Baby Sleep Positioners said...

The death rate is a little less than 15%, it really depends on your environment. Swine Flu kills by damaging the respiratory system, Mexico City has terrible pollution (Much worse than Beijing and New York) and the people there probably already have some respiratory illnesses before they caught it.

lexi said...

There has been only one death in the U.S. due to this swine flu out of the current 118 cases that have beeen confirmed, and it was a mexican child of two years old, whose immune system wasn't developed enough to handel it; the swine flu developed into pneumonia, and that's what struck him.
The reason so many people in Mexico have died from it is because they lack the adequate health care, their immune systems are already low, and it originated there so its already stronger there. In Mexico there have been 12 deaths out of 260 cases.
The swine flu is so serious because the influenza is morphing/mutating between people, so there is no single cure.
It is also considered an epidemic because it is affecting 20, 30, and 40 year olds who are still young and healthy, and it is hitting them hard.

grannyni said...

Tamiflu and Relenza are not always used for regular flu. They both have side effects and the use of them can cause a virus to become resistant (and some normal flu strains already are). There are two other drugs that are also used to treat normal influenza (but are not effective on swine flu) that also have side effects and are not effective with some strains due to resistance.
Because of this, the standard treatment for regular flu is no drugs at all in otherwise healthy people. The antiflu drugs are only used on regular flu in people who can develop complications, like the elderly, people with weak immune systems (chemotherapy patients, people with organ transplants, etc), and people with chronic breathing problems (asthma, emphysema, etc).
Swine flu follows an opposite pattern from this. It is the most dangerous to young, healthy people, who in normal flu wouldn't be treated with antiflu drugs. Everyone who contracts swine flu must be given Tamiflu or Relenza--but they didn't know this.
The first cases of swine flu in Mexico occurred in a rural area with substandard medical care. Doctors there were able to determine that it was a new strain of flu, but as new strains develop all the time they weren't particularly worried. It wasn't until people began to get sick and die in more urban areas that they realized they had a problem. Then, they had to figure out what the virus was--but the only labs that had the capability to do that were in the US and Canada. They also did not know exactly how the virus worked, so they continued to follow the standard flu treatment regime--not knowing what medications, if any, worked, and treating those who were in danger from normal flu.
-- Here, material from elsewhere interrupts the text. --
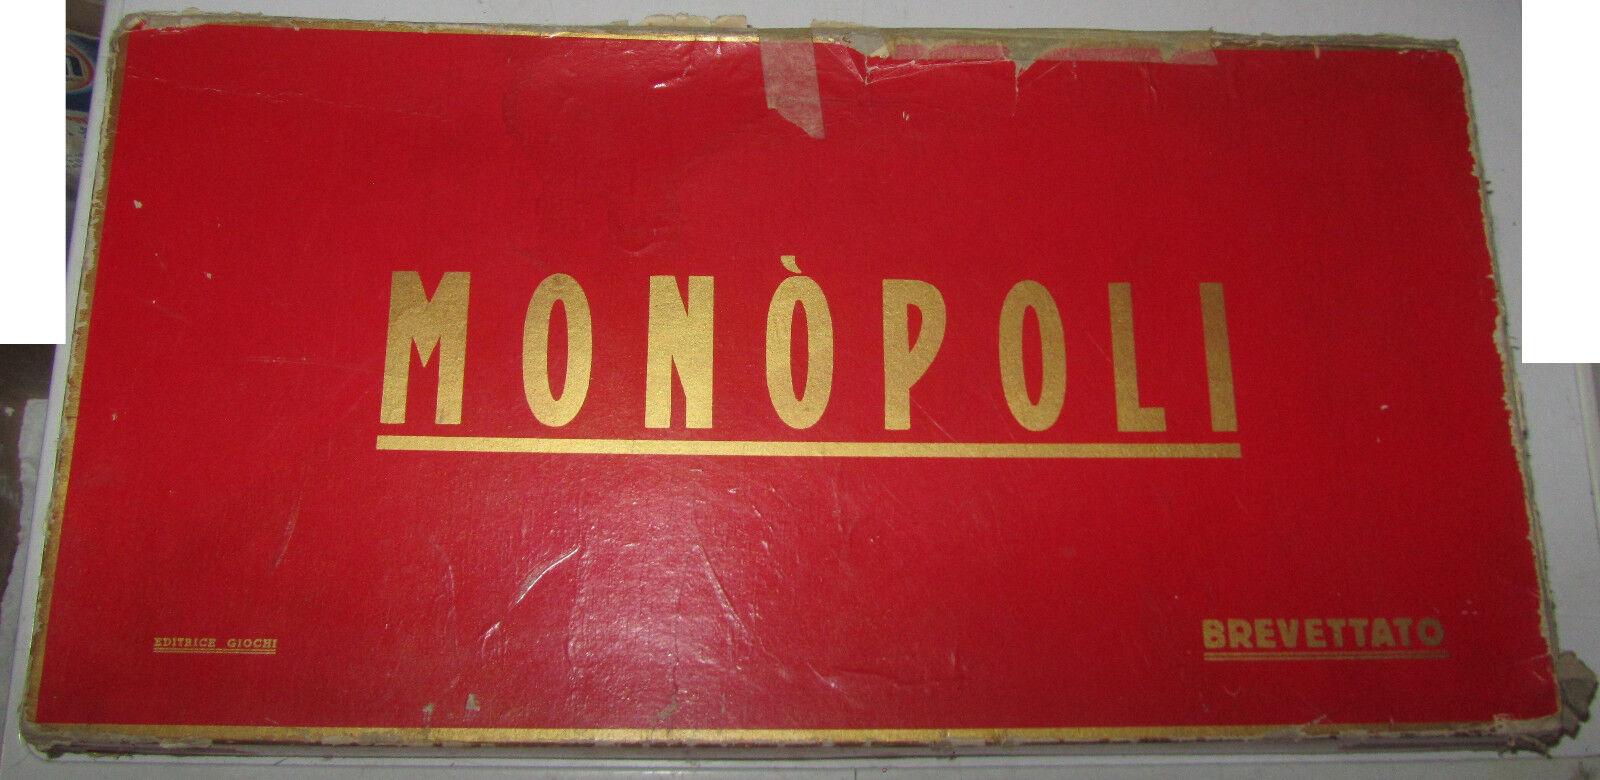 Ultimo 2018 Monopoli Rettangolare Rosso Brevettato Completo vintage vintage vintage SPESE GRATIS  con il 100% di qualità e il 100% di servizio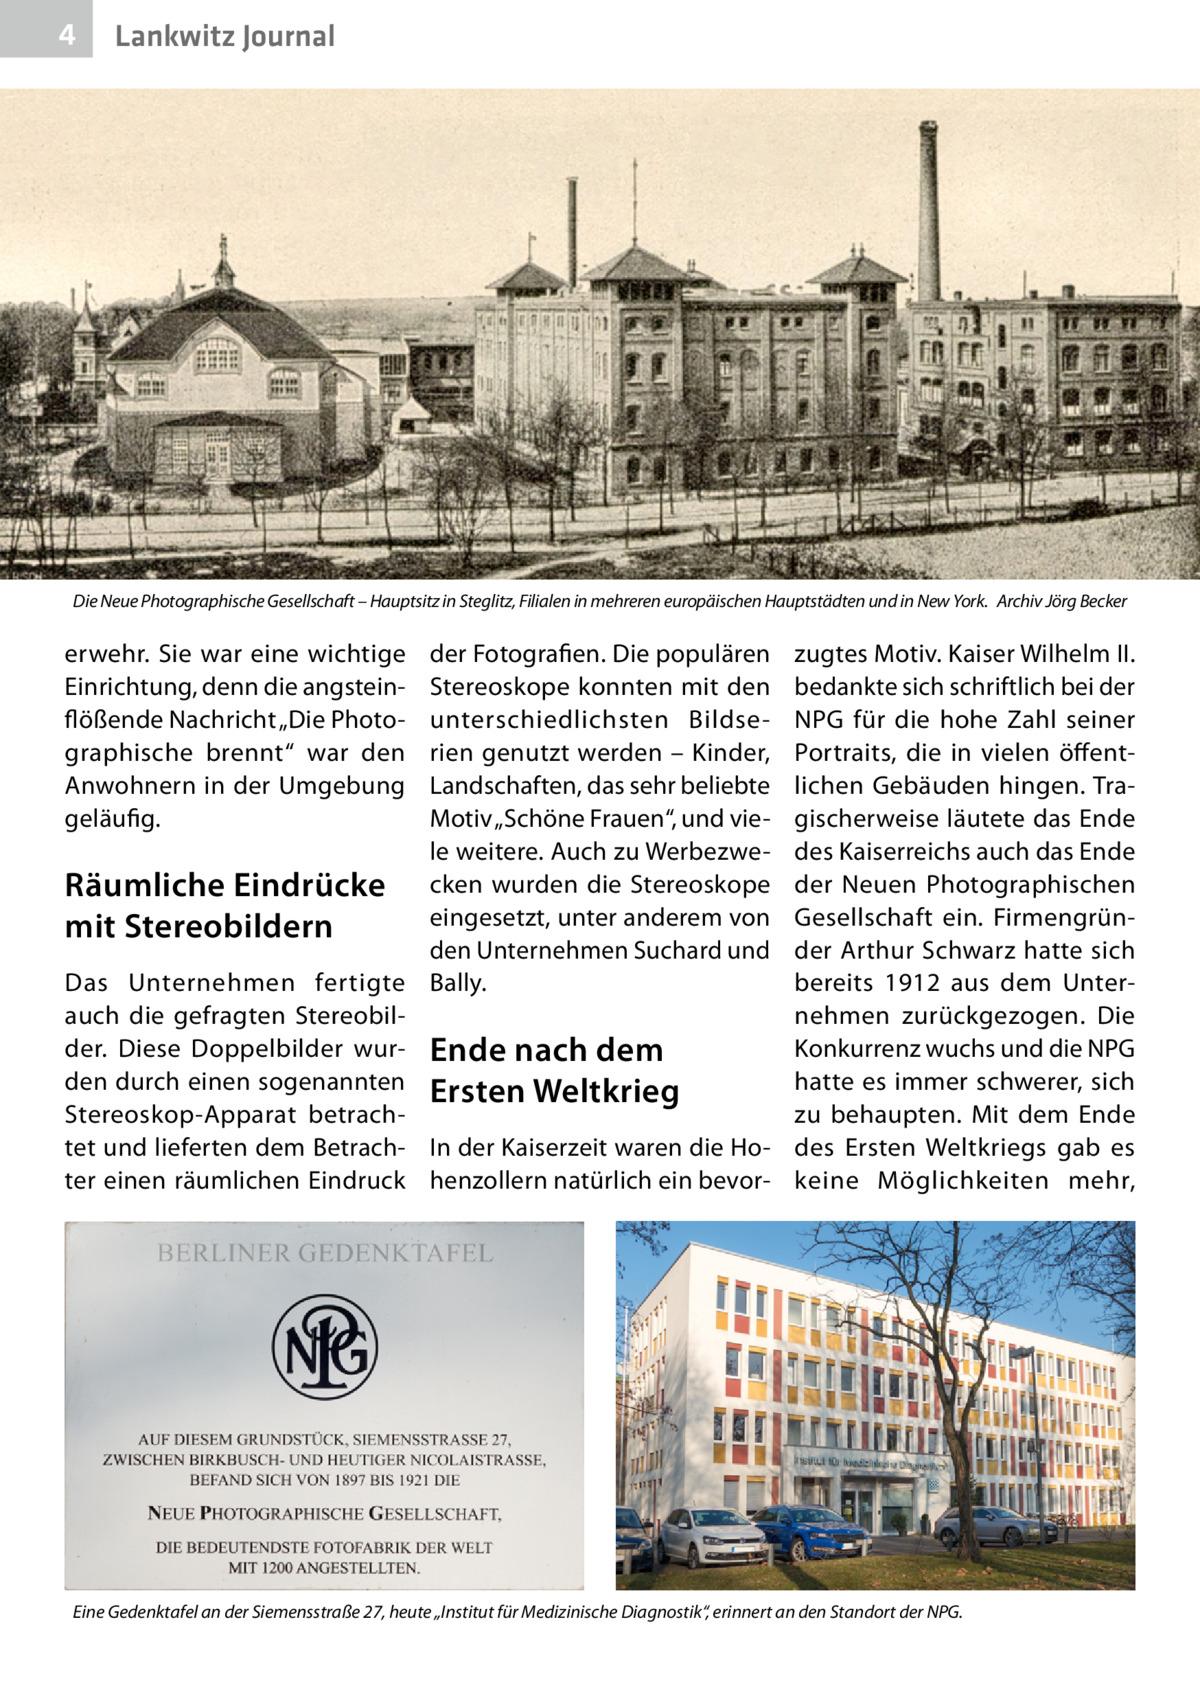 """4  Lankwitz Journal  Die Neue Photographische Gesellschaft – Hauptsitz in Steglitz, Filialen in mehreren europäischen Hauptstädten und in New York.� Archiv Jörg Becker  erwehr. Sie war eine wichtige Einrichtung, denn die angsteinflößende Nachricht """"Die Photographische brennt"""" war den Anwohnern in der Umgebung geläufig.  der Fotografien. Die populären Stereoskope konnten mit den unterschiedlichsten Bildserien genutzt werden – Kinder, Landschaften, das sehr beliebte Motiv """"Schöne Frauen"""", und viele weitere. Auch zu WerbezweRäumliche Eindrücke cken wurden die Stereoskope eingesetzt, unter anderem von mit Stereobildern den Unternehmen Suchard und Das Unternehmen fertigte Bally. auch die gefragten Stereobilder. Diese Doppelbilder wur- Ende nach dem den durch einen sogenannten Ersten Weltkrieg Stereoskop-Apparat betrachtet und lieferten dem Betrach- In der Kaiserzeit waren die Hoter einen räumlichen Eindruck henzollern natürlich ein bevor zugtes Motiv. Kaiser WilhelmII. bedankte sich schriftlich bei der NPG für die hohe Zahl seiner Portraits, die in vielen öffentlichen Gebäuden hingen. Tragischerweise läutete das Ende des Kaiserreichs auch das Ende der Neuen Photographischen Gesellschaft ein. Firmengründer Arthur Schwarz hatte sich bereits 1912 aus dem Unternehmen zurückgezogen. Die Konkurrenz wuchs und die NPG hatte es immer schwerer, sich zu behaupten. Mit dem Ende des Ersten Weltkriegs gab es keine Möglichkeiten mehr,  Eine Gedenktafel an der Siemensstraße 27, heute """"Institut für Medizinische Diagnostik"""", erinnert an den Standort der NPG."""

Many people got sick and died during this time. Eventually, the strain was identified and shown to respond to Tamiflu and Relenza. And doctors in Mexico realized that everyone must be treated with one of these due to the deaths of young people. But it took awhile to discover this. And people died in the meantime.
The poverty and stretches of rural ares in Mexico also plays a part. In a small farming village, the doctor may not be able to test flu strains at all in office. (In the US, many doctors are able to test for normal flu strains, and anything that doesn't type is possible swine flu.) The town may not have any antiflu medications at all, and they would need to be shipped. But Tamiflu or Relenza must be given within 48 hours of the onset of symptoms, and in many rural areas it would take longer than this for the doctor to test the strain and get the medication. If people develop complications in these areas, they may not be transported to the hospital in time. Even if they get there, the hospital may not have any mechanical ventilators--and if they do, they are not the newer, more effective ones that hospitals in the US have.
An accurate mortality rate for developed countries is not really possible yet. The US has had one death in about 100 cases, which would place the mortality rate closer to normal flu, but until more people get sick, we won't know. Many of the people who have gotten sick in the US are children, who are less susceptible to the complication of swine flu that kills people than young adults.